Bei den europäischen Partnern löst die Haltung der Bundesregierung Irritationen aus. So setzen französische Unternehmen bereits auf eine „German-free“-Strategie, also darauf, Rüstungsgüter ohne deutsche Komponenten herzustellen. Sie wollen damit den Einfluss der deutschen Außenwirtschaftspolitik auf die Produktion verringern. Die Rüstungspolitik der Bundesregierung wird von den europäischen Partnern, insbesondere Frankreich und Großbritannien, als schwer vorhersehbar wahrgenommen. Durch die Haltung der Bundesregierung seien die weitere Zusammenarbeit und die Umsetzung gemeinsamer Programme gefährdet.

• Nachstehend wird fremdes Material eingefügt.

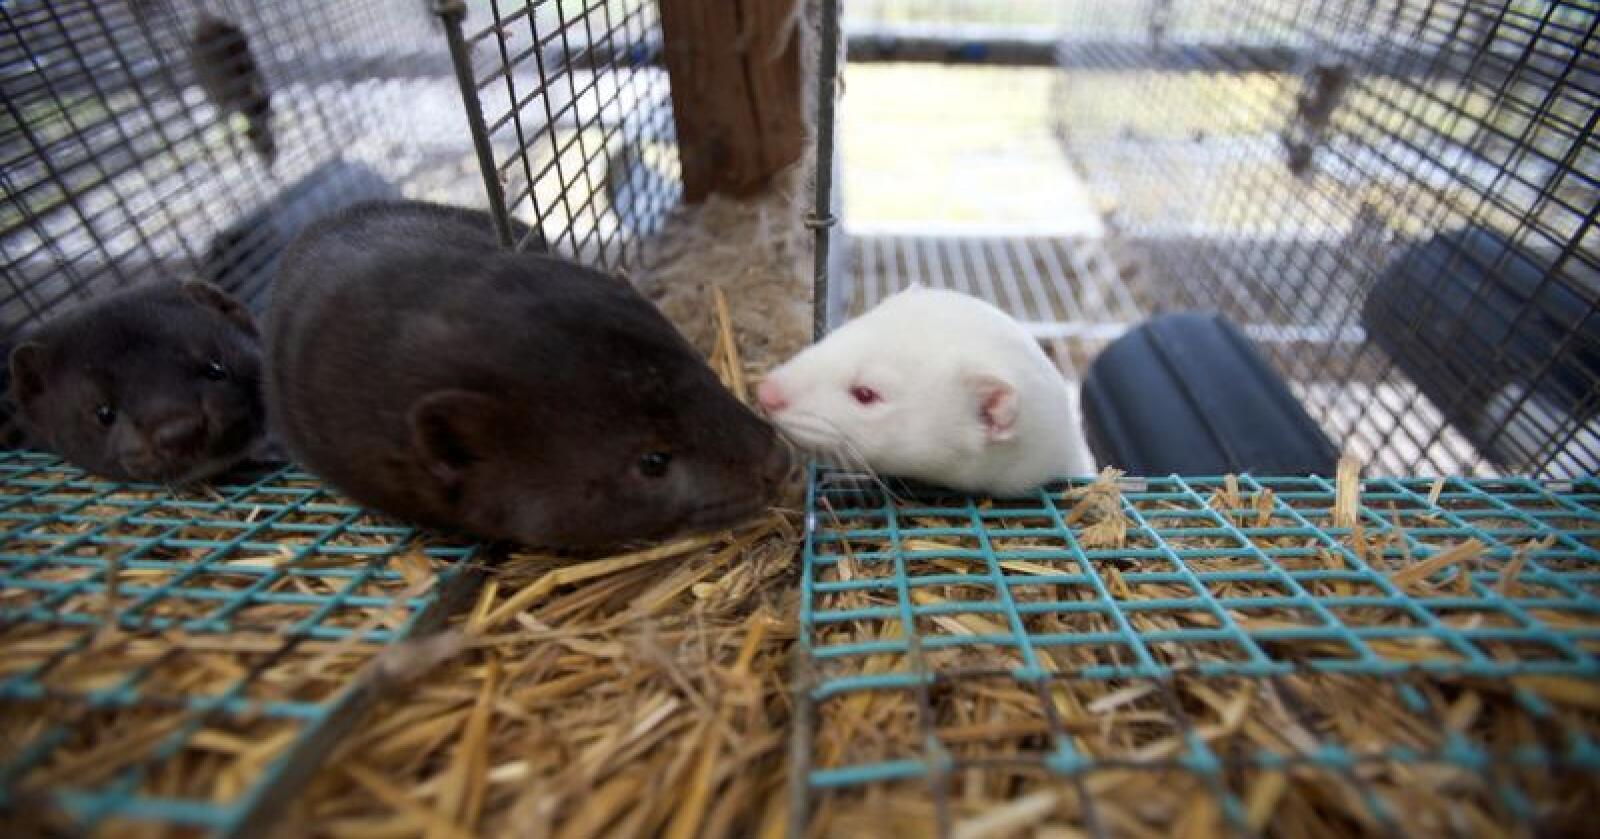 Foto av mink på en pelsdyrfarm. Det er usikkert om pelsdyrforliket vil få flertall i Stortinget. Foto: Alf Ove Hansen / NTB scanpix

Die Bundesregierung muss hier einen Weg finden, die ihr nach EU-Recht zustehende autonome Entscheidung über die deutsche Beschränkung des Exports von Rüstungsgütern mit den Interessen der Mitgliedstaaten, mit denen sie im Rüstungsbereich enge Partnerschaften eingegangen ist, zu vereinbaren; dabei ­dürfen gegenüber den europäischen Partnern keine „roten Linien“ gezogen werden. Dies gilt nicht zuletzt, weil ein einheitliches Vorgehen der Europäischen Union erforderlich ist, um der EU in der internationalen Wahrnehmung größeres Gewicht zu verleihen. Eine in Rüstungsfragen zerstrittene Europäische Union wird nicht in der Lage sein, mit dem notwendigen Zusammenhalt drohenden bewaffneten Konflikten weltweit deeskalierend zu begegnen.